EXERCISE INSTRUCTIONS
Would you please print exactly the lines that run from the one with "Wildcats WIN - 2016" to the last line of the data, both included, without any pictures?

DATASET EXTRACT

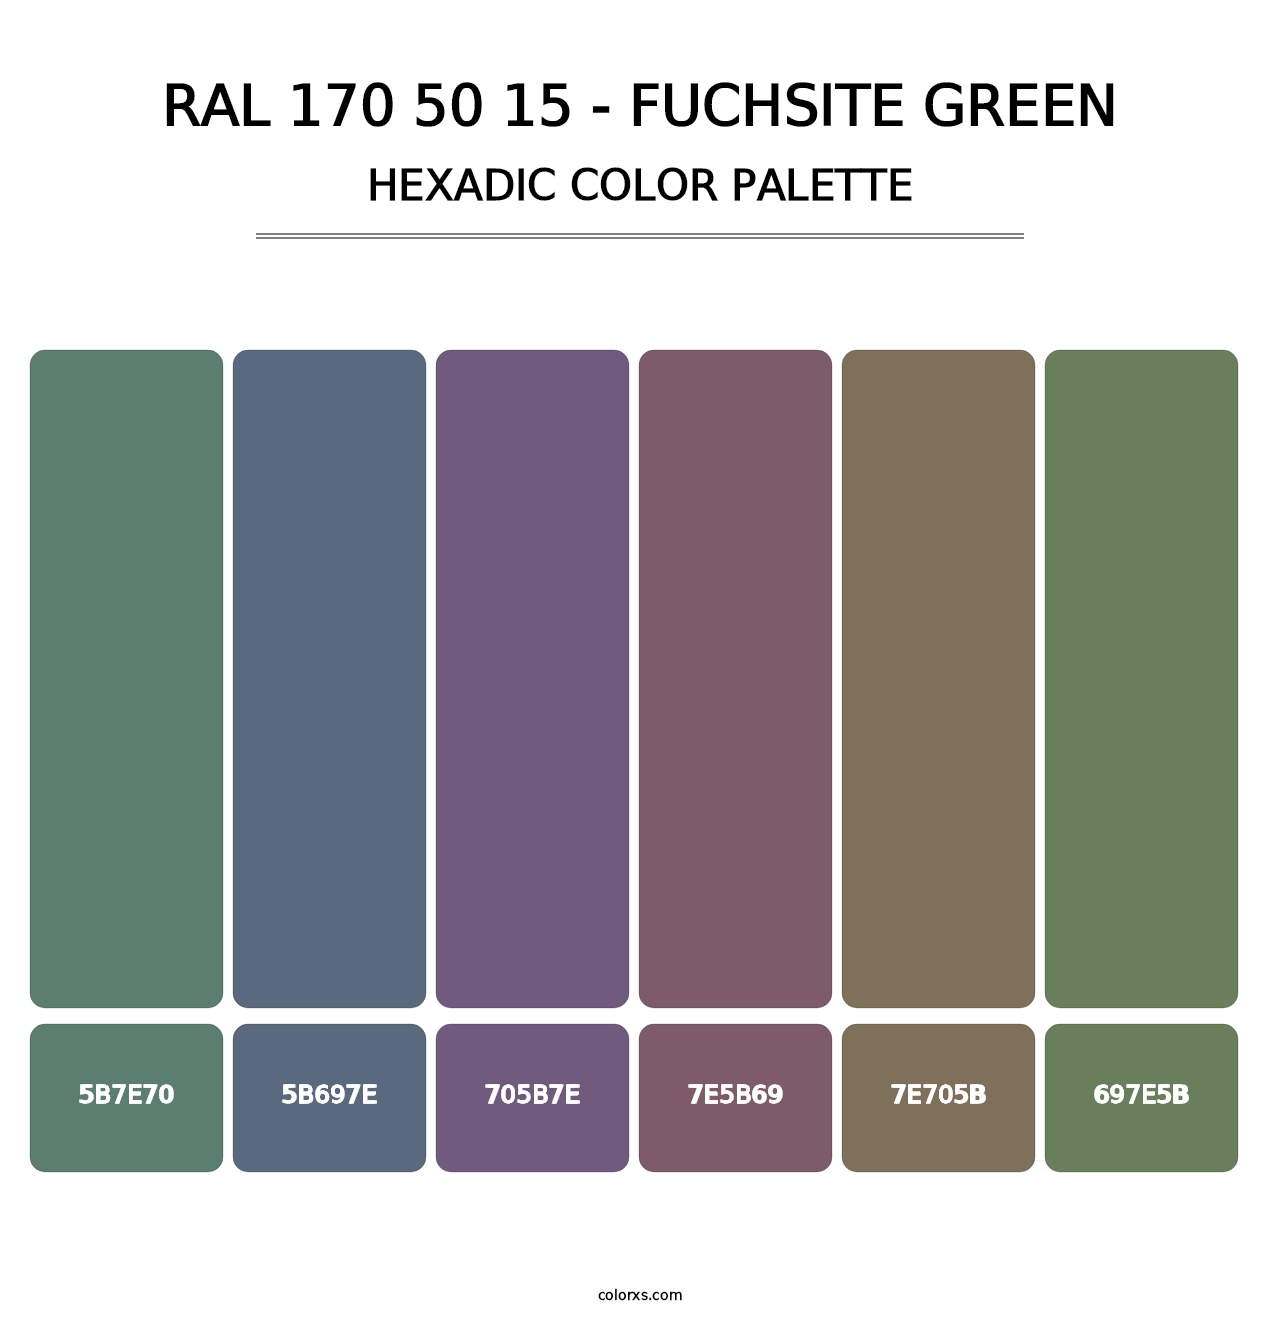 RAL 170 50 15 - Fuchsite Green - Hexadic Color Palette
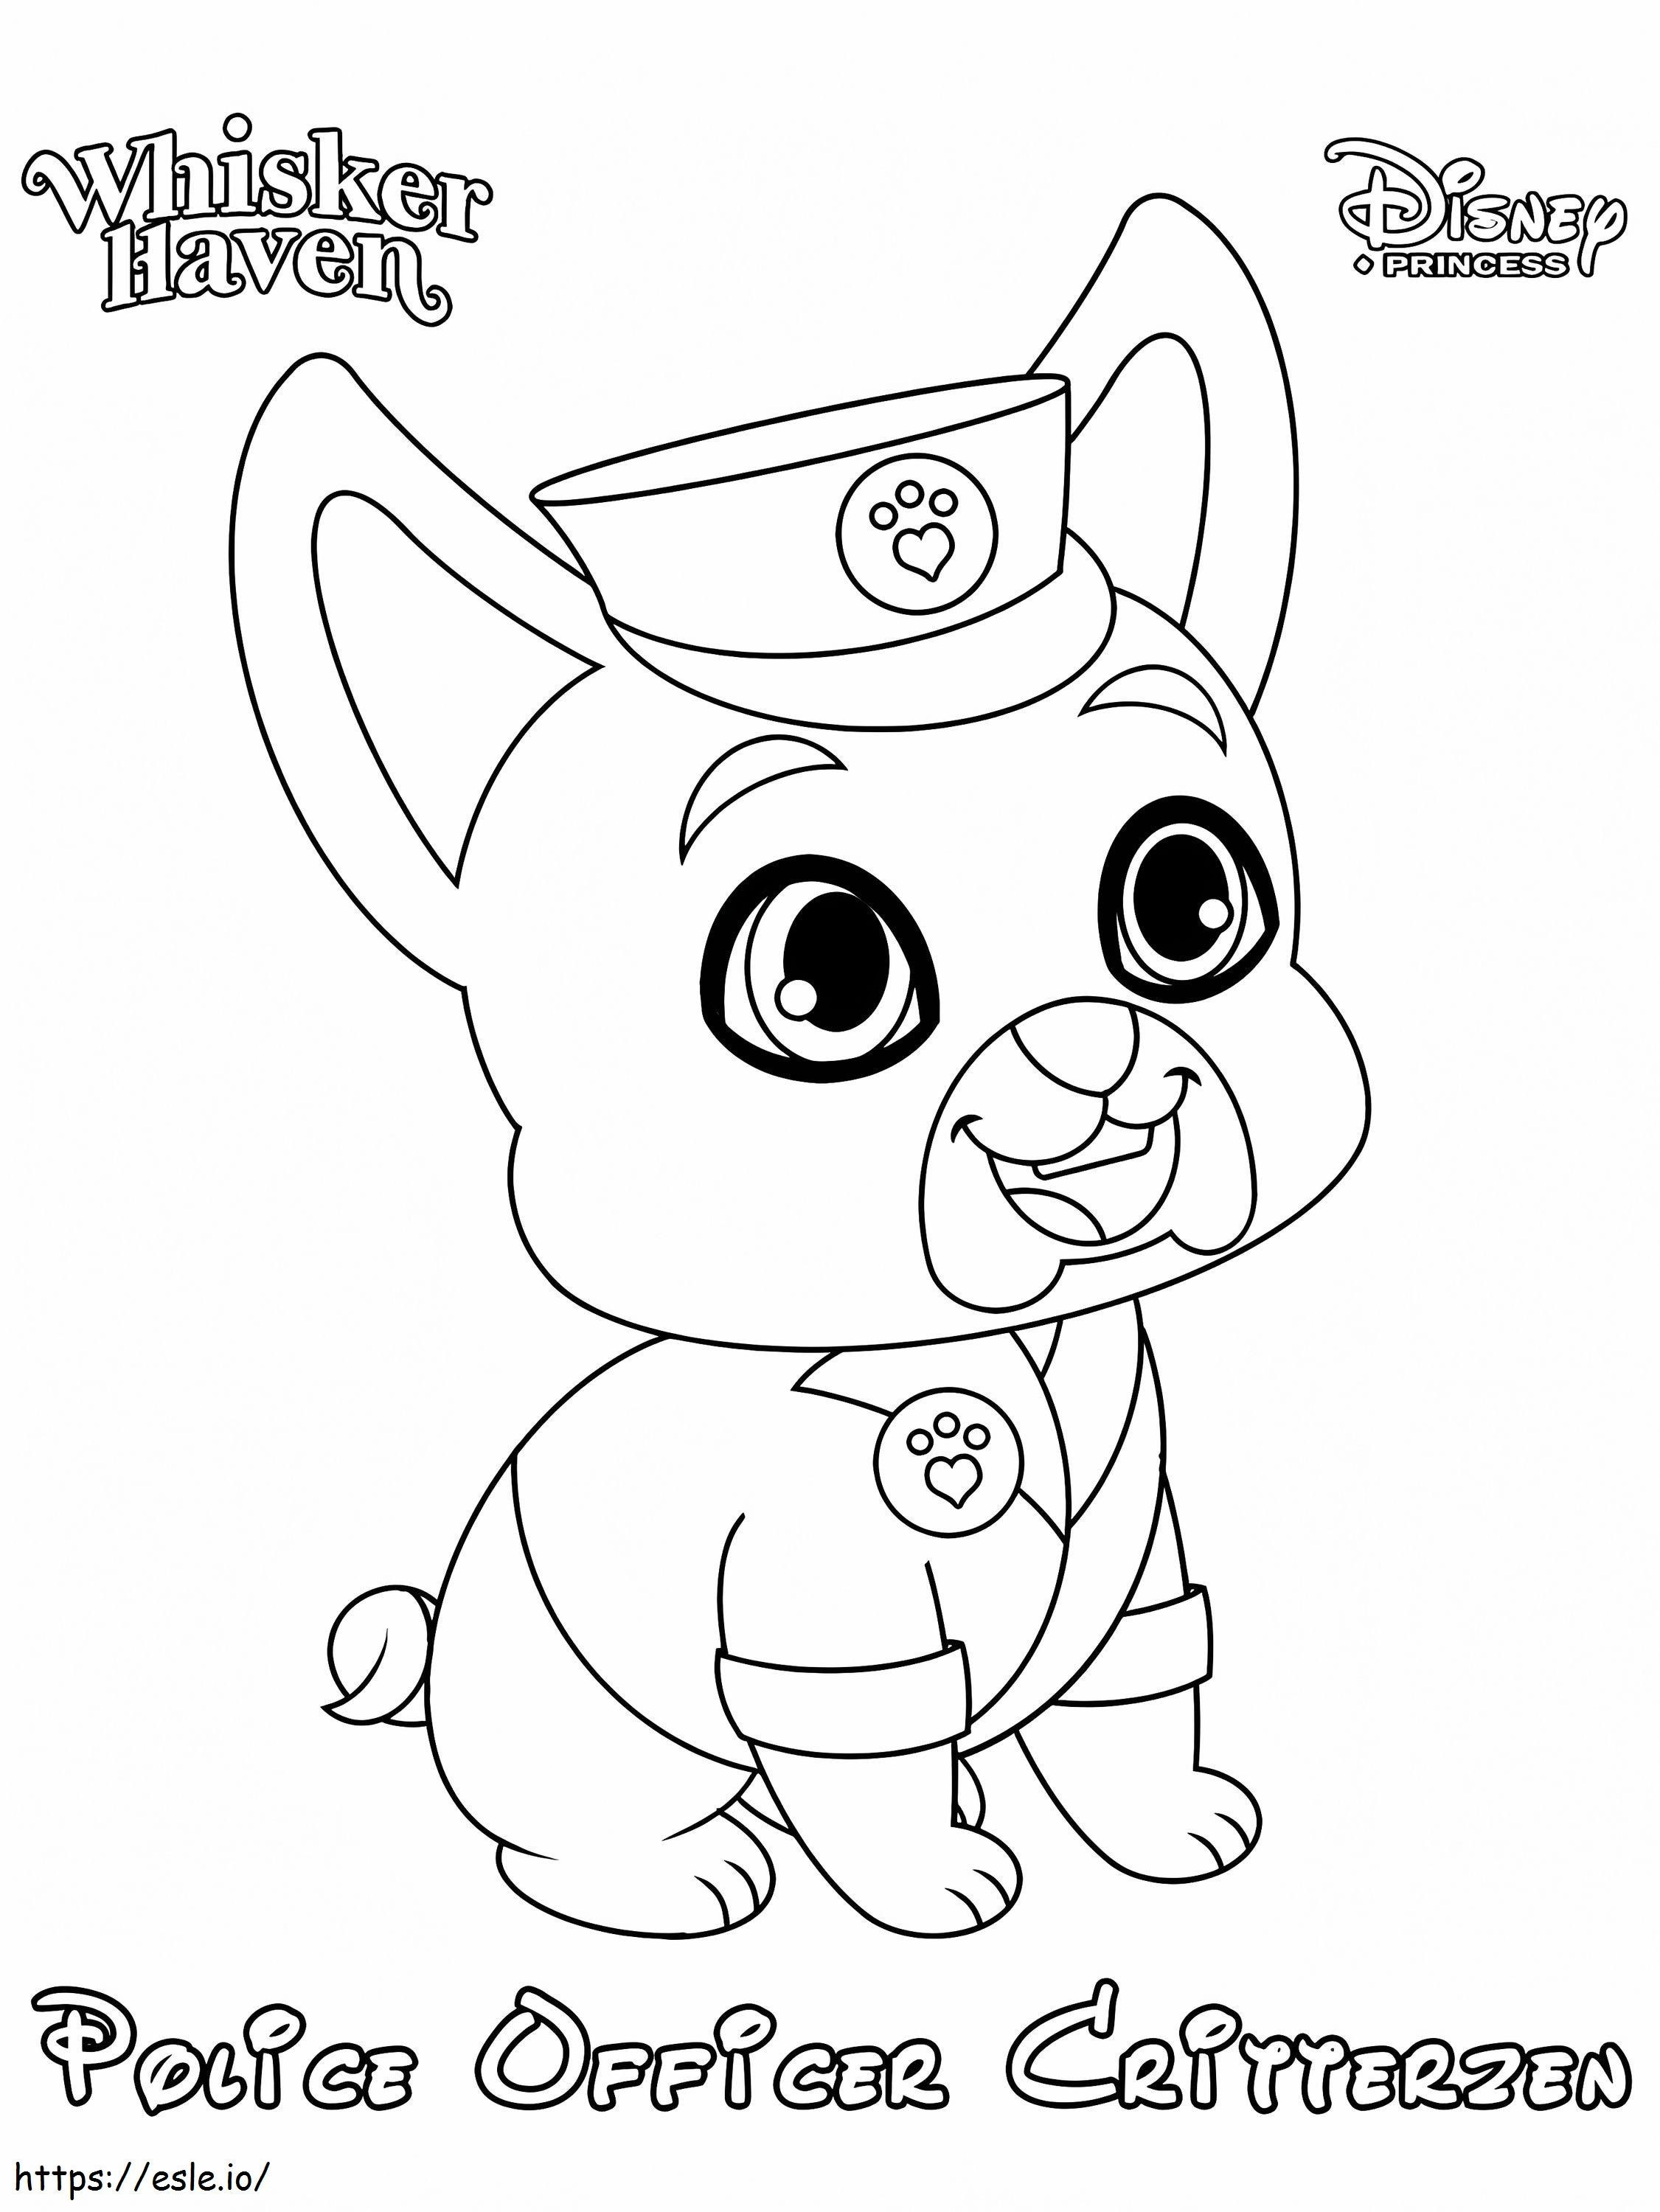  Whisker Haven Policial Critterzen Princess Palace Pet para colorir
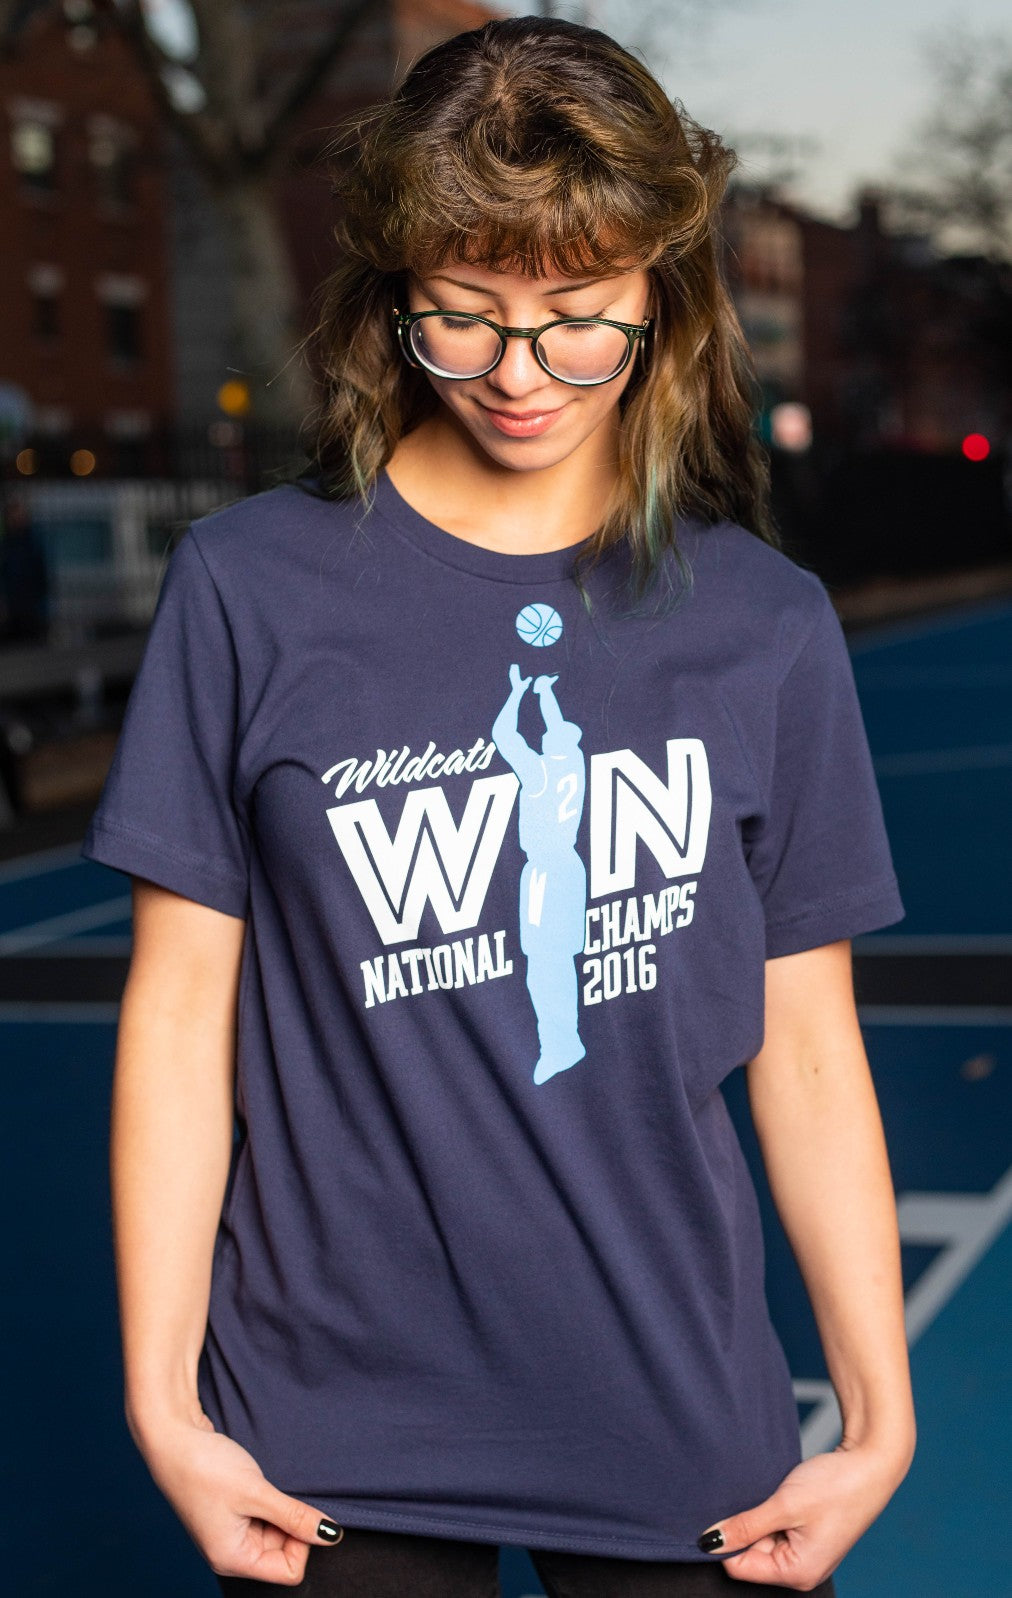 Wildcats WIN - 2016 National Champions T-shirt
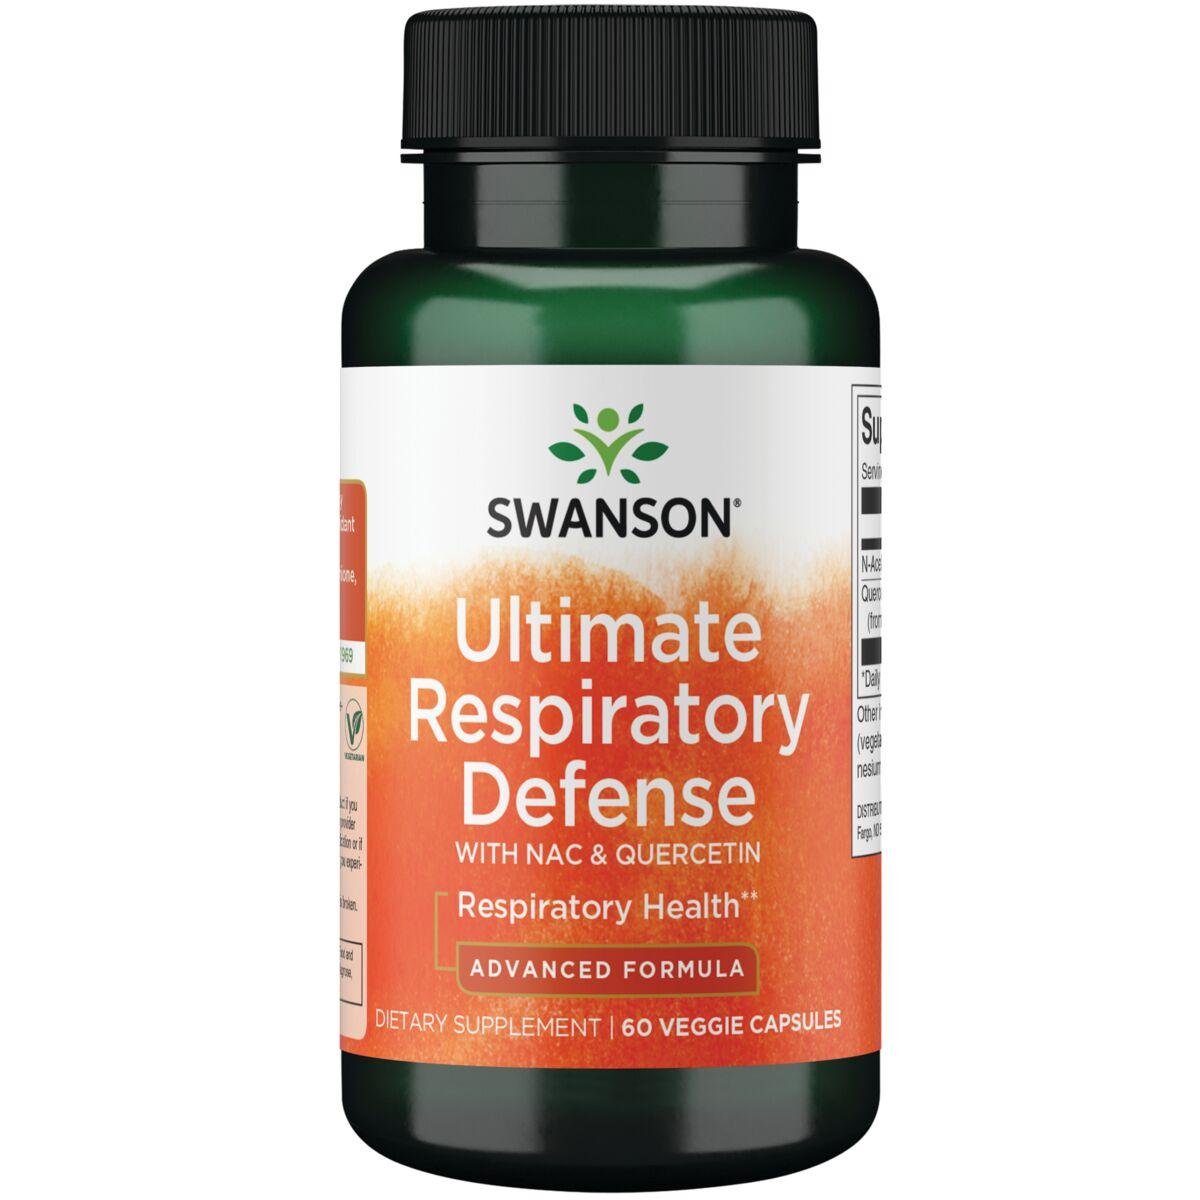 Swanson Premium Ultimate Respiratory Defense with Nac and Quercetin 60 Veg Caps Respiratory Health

SOLUTION TO THE PROBLEM
 Wildcats WIN - 2016 National Champions T-shirt
 Swanson Premium Ultimate Respiratory Defense with Nac and Quercetin 60 Veg Caps Respiratory Health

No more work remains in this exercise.